En remportant la victoire sur le communisme, l’Amérique s’est hissée à la place de première, d’unique et de véritable puissance globale dans l’immédiat après-guerre froide, position sans précédent dans l’histoire de l’humanité. C’est donc désormais en tant qu’empire global que les États-Unis vont devoir assurer leur prééminence à l’échelle planétaire.

Reprenant la théorie géopolitique du Heartland développée par le géographe britannique Halford John Mackinder au début du XXe siècle, Brzezinski étend à la planète entière le concept d’« Ile-monde » (World Island), qui, selon Mackinder, n’englobait que les continents européen, africain et asiatique. Plutôt que le Heartland, qui correspondait à l’empire russe avant la révolution d’octobre 1917, il identifie comme centre du monde l’Eurasie, située entre l’Atlantique et le Pacifique, comme lieu privilégié de l’affrontement entre les puissances pour la primauté mondiale.

Zbigniew Brzezinski s’illustre avec cet essai comme le chef de file des politologues représentant l’école réaliste des relations internationales.
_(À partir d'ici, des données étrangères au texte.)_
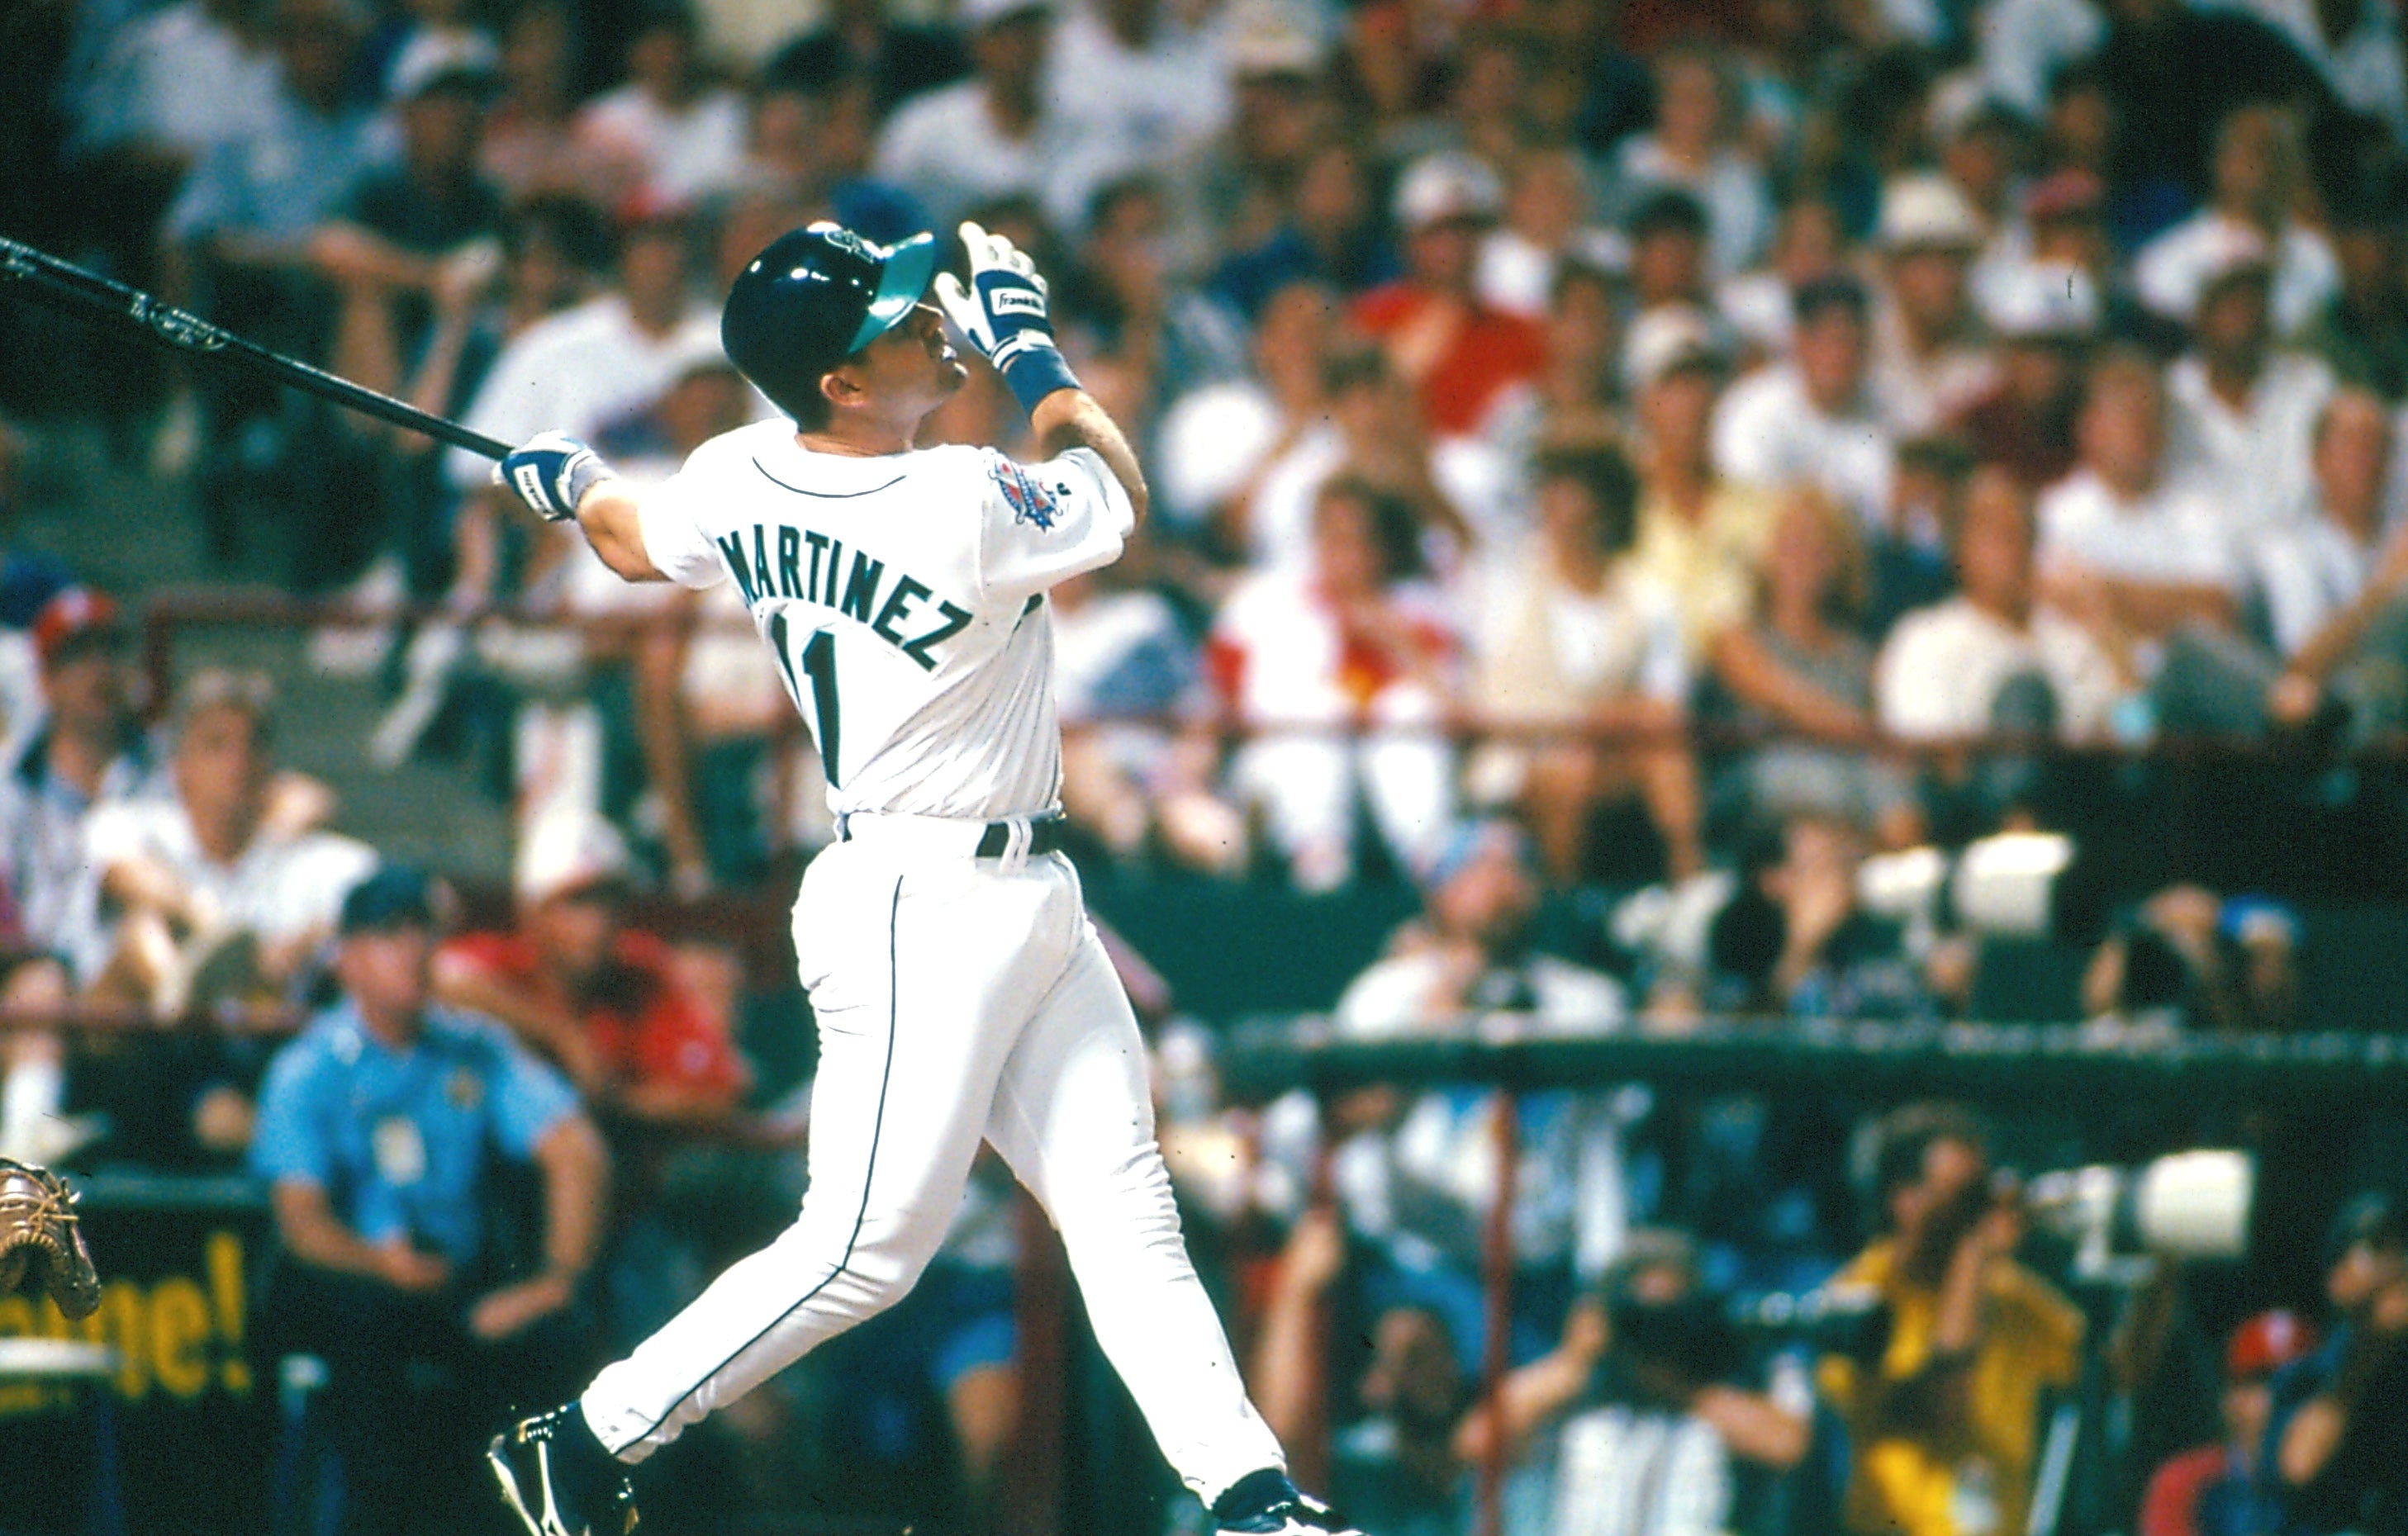 Martinez claims first place on Mariners’ all-time RBI list

Pour schématiser, le réalisme – à la différence de l’idéalisme – met l’accent sur les aspects conflictuels de la politique internationale et non sur la coopération. Les réalistes considèrent les États-nations comme les principaux acteurs sur la scène internationale. Dans cette optique, la défense de leurs intérêts nationaux et leur lutte permanente pour le pouvoir priment sur la préservation de normes éthiques et sur la prééminence du droit international, même s’il est nécessaire de distinguer les réalistes classiques des réalistes radicaux.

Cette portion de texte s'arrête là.